<<<<
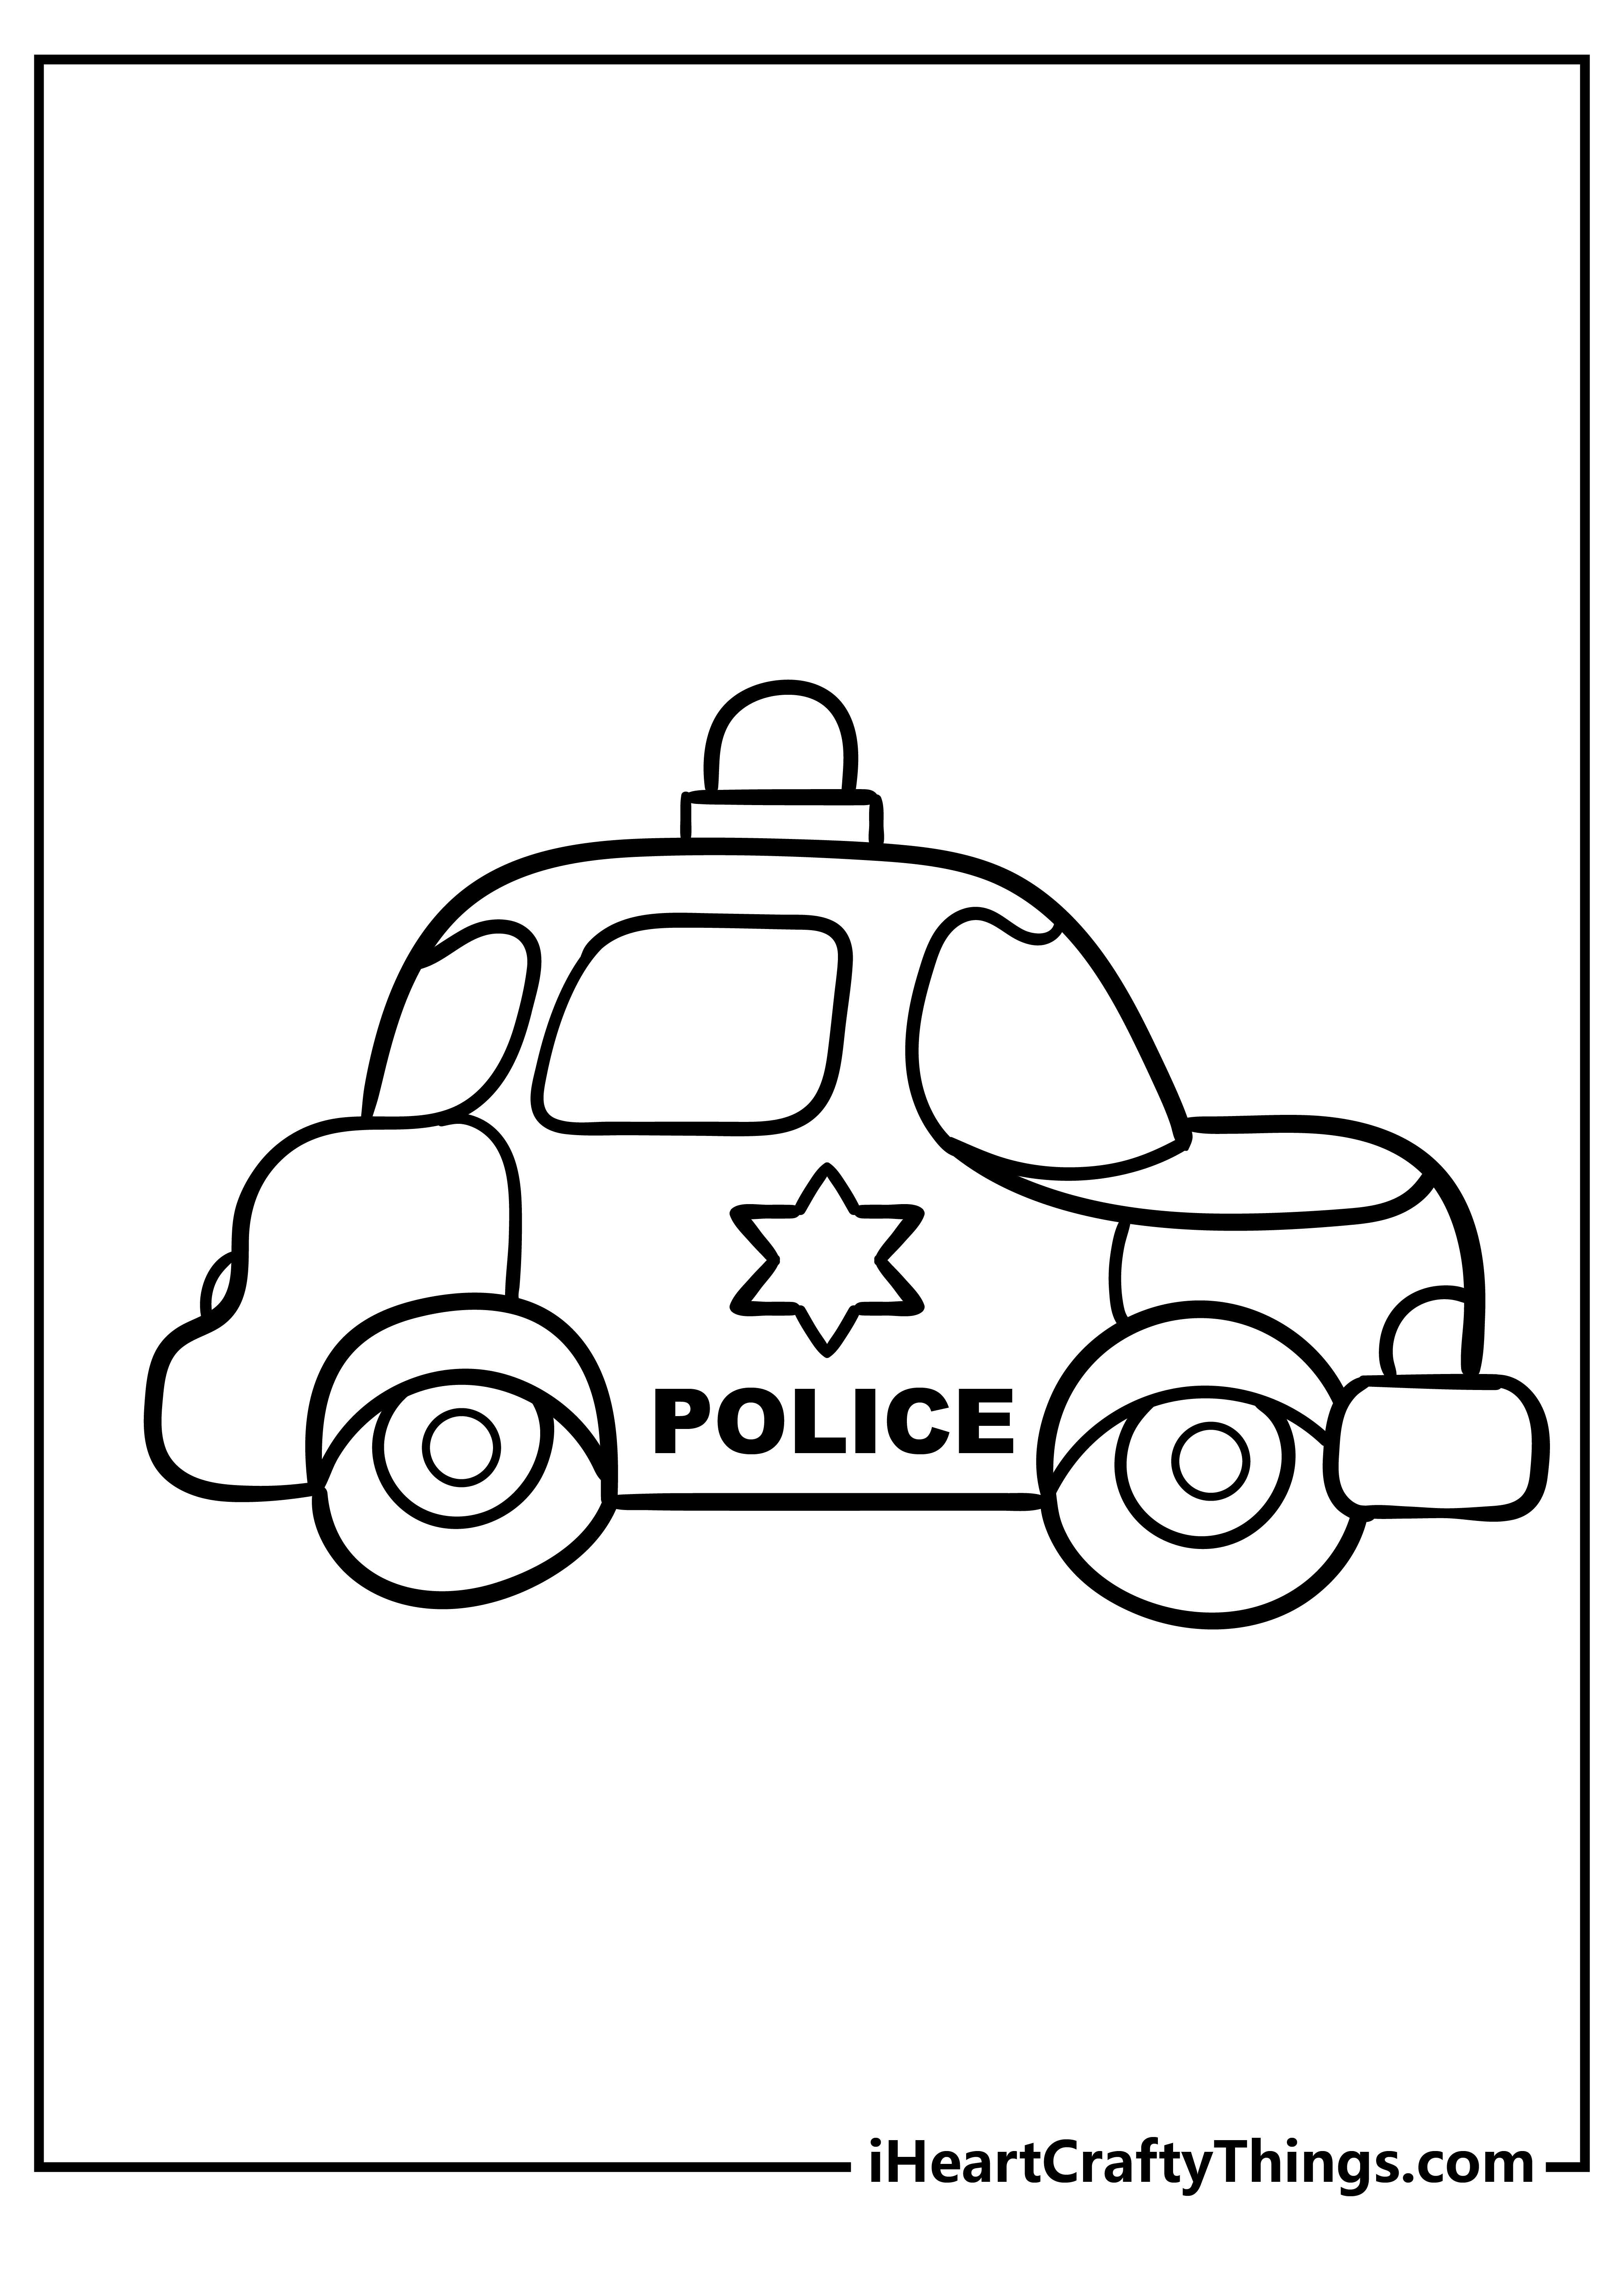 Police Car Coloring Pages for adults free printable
>>>>
<<<<
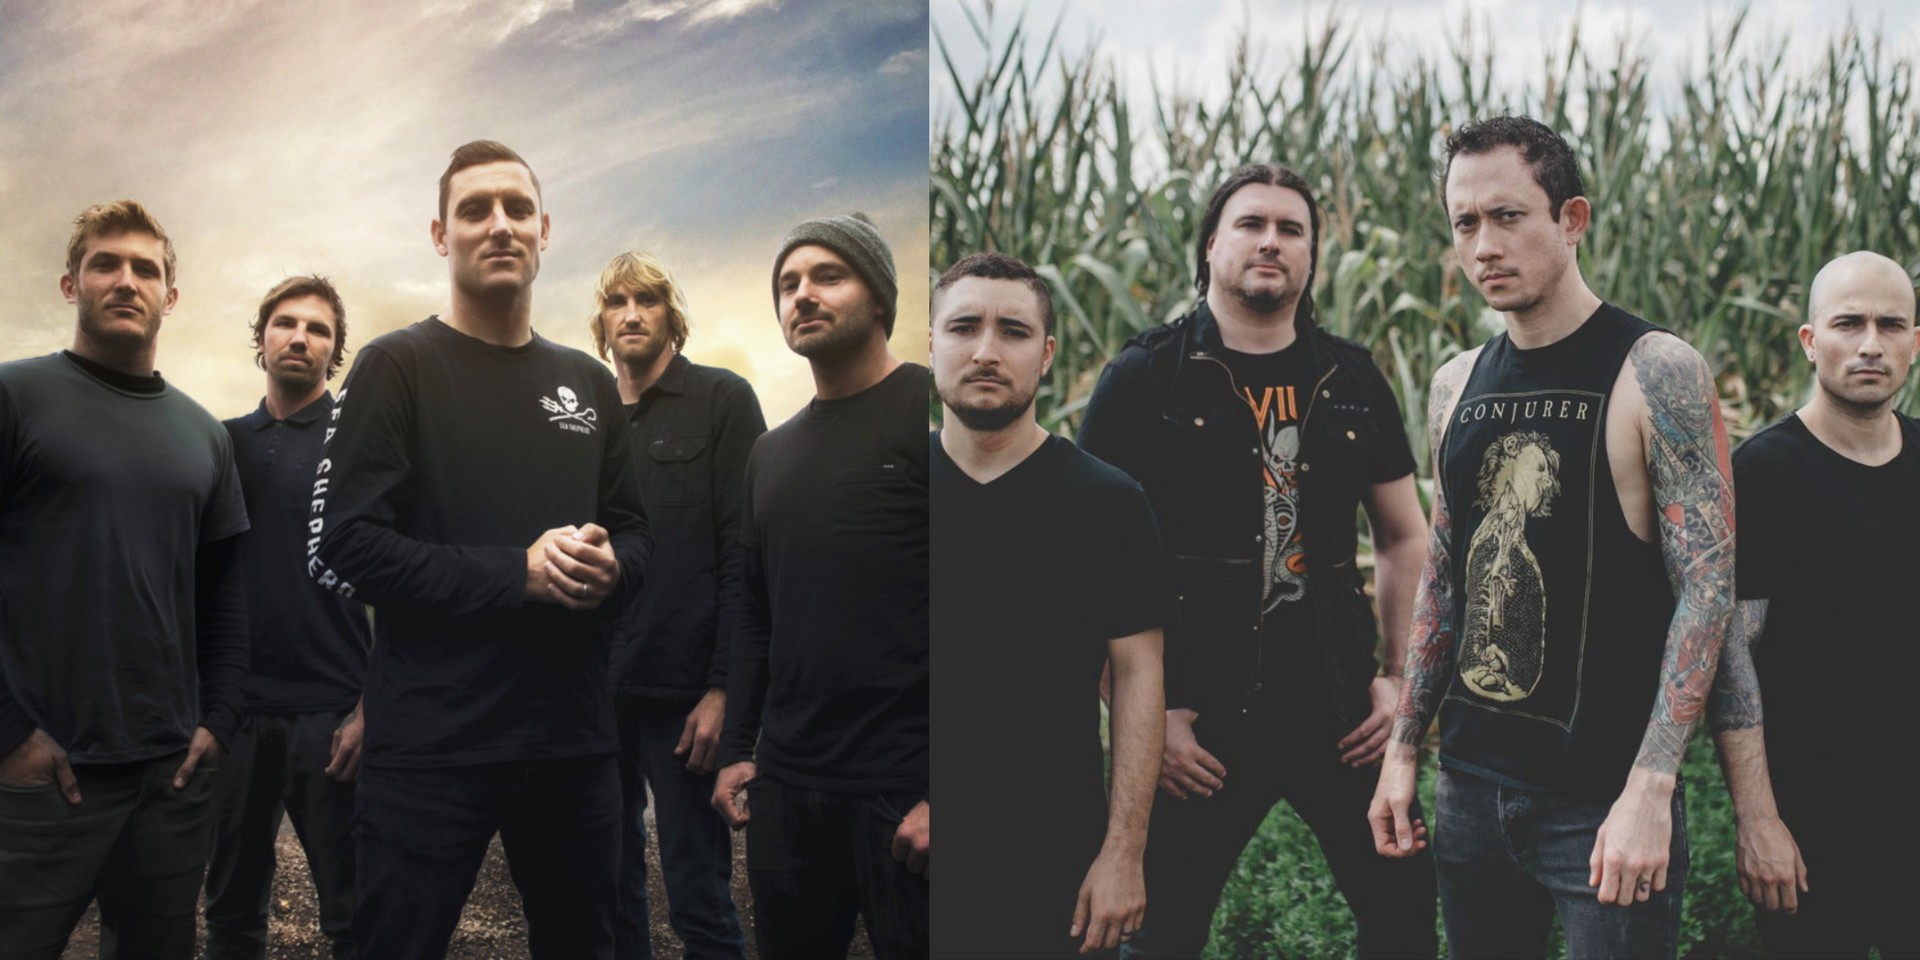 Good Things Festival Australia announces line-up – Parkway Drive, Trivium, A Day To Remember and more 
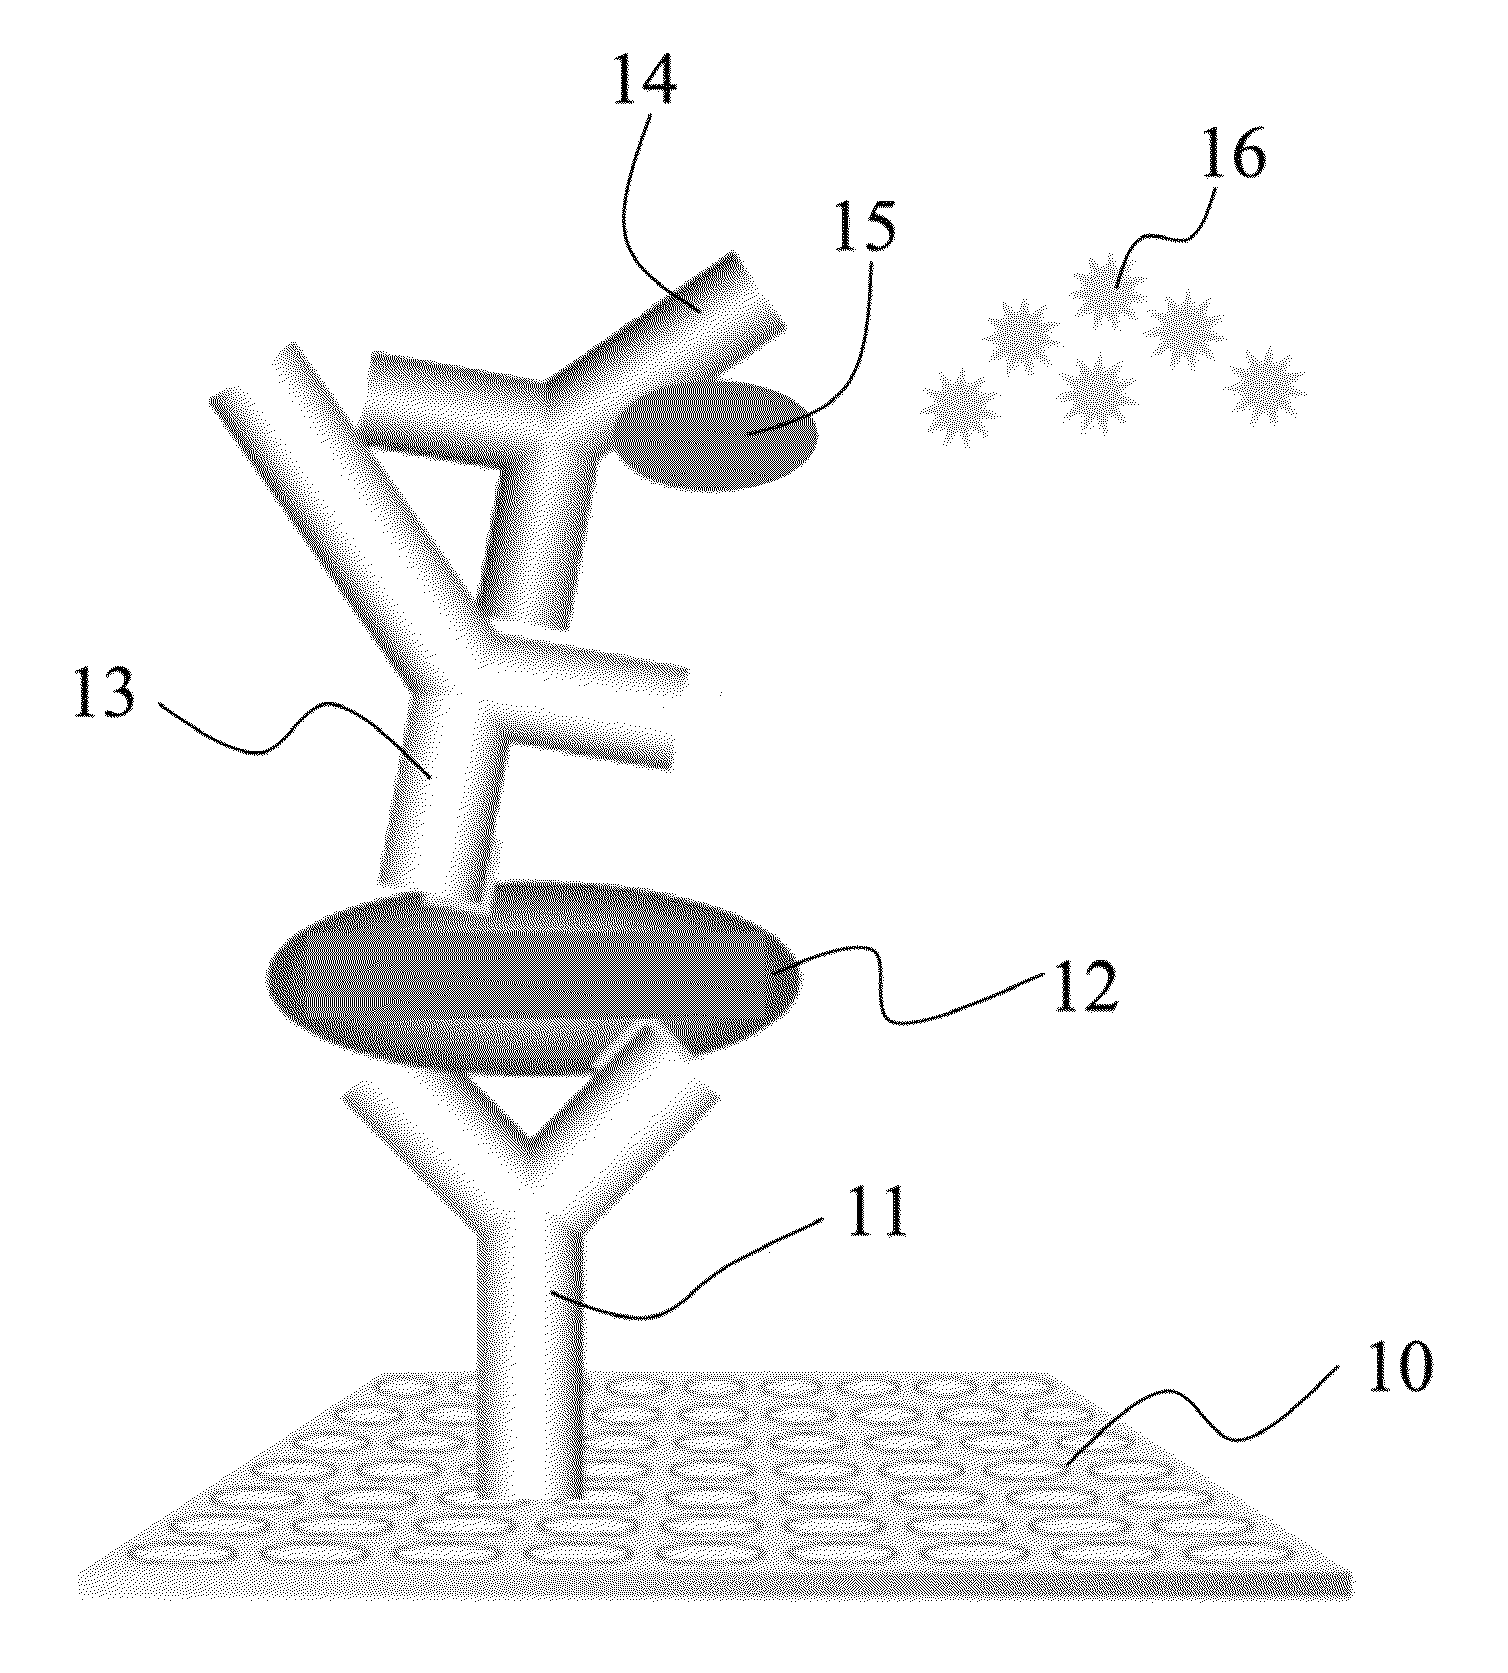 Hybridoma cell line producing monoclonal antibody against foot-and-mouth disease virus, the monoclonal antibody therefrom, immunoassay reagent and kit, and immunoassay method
>>>>
<<<<
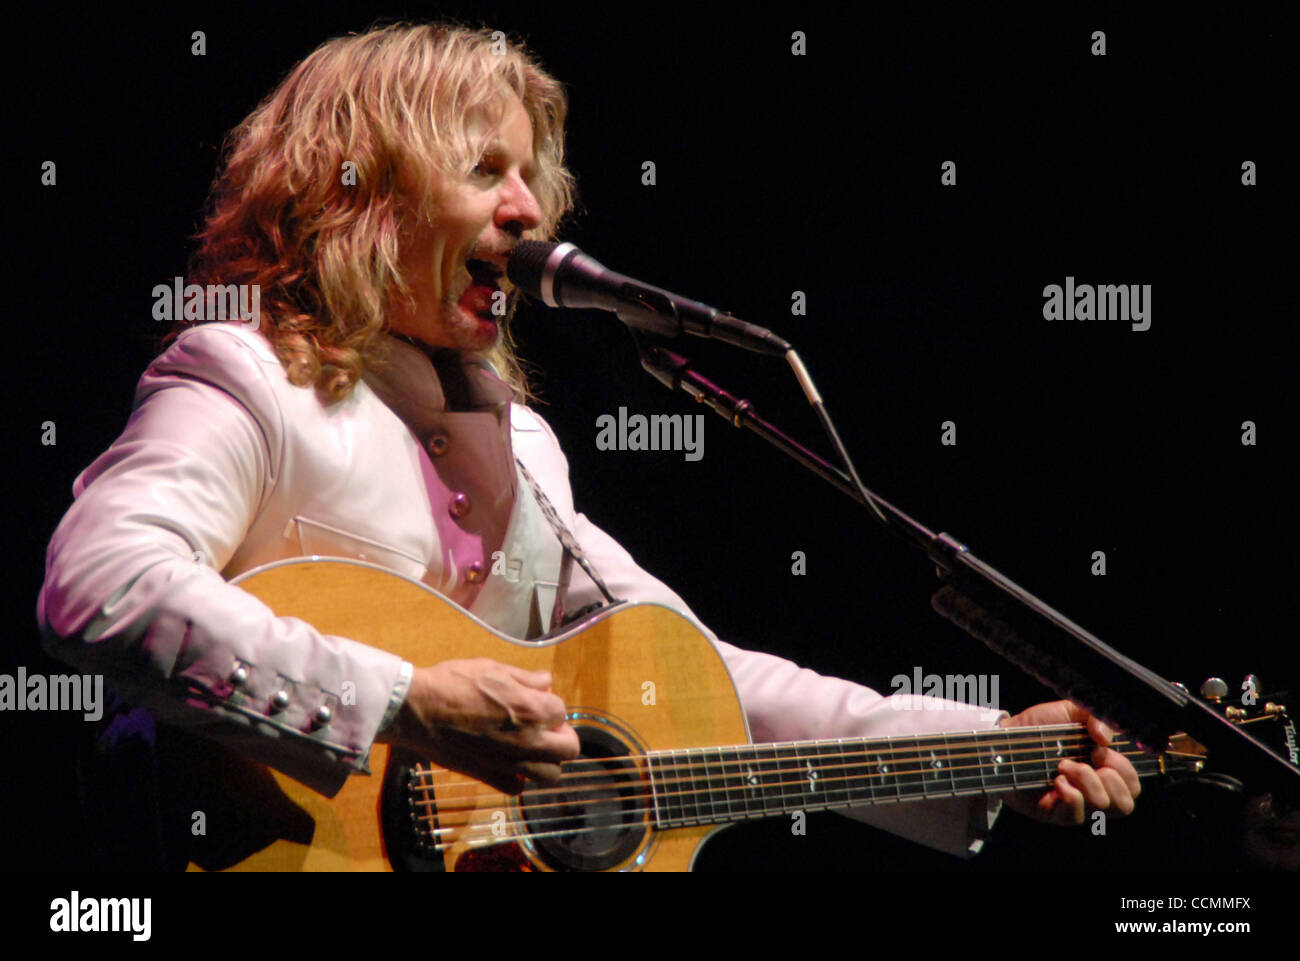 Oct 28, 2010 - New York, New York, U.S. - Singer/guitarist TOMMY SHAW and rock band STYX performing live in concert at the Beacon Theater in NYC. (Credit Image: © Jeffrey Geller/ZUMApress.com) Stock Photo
>>>>
What should come back is an exact copy of the lines above from the line with "Good Things Festival" to the line with "Hybridoma cell line", both included, minus the pictures.

→ **Finished task**:
 Good Things Festival Australia announces line-up – Parkway Drive, Trivium, A Day To Remember and more 
 Hybridoma cell line producing monoclonal antibody against foot-and-mouth disease virus, the monoclonal antibody therefrom, immunoassay reagent and kit, and immunoassay method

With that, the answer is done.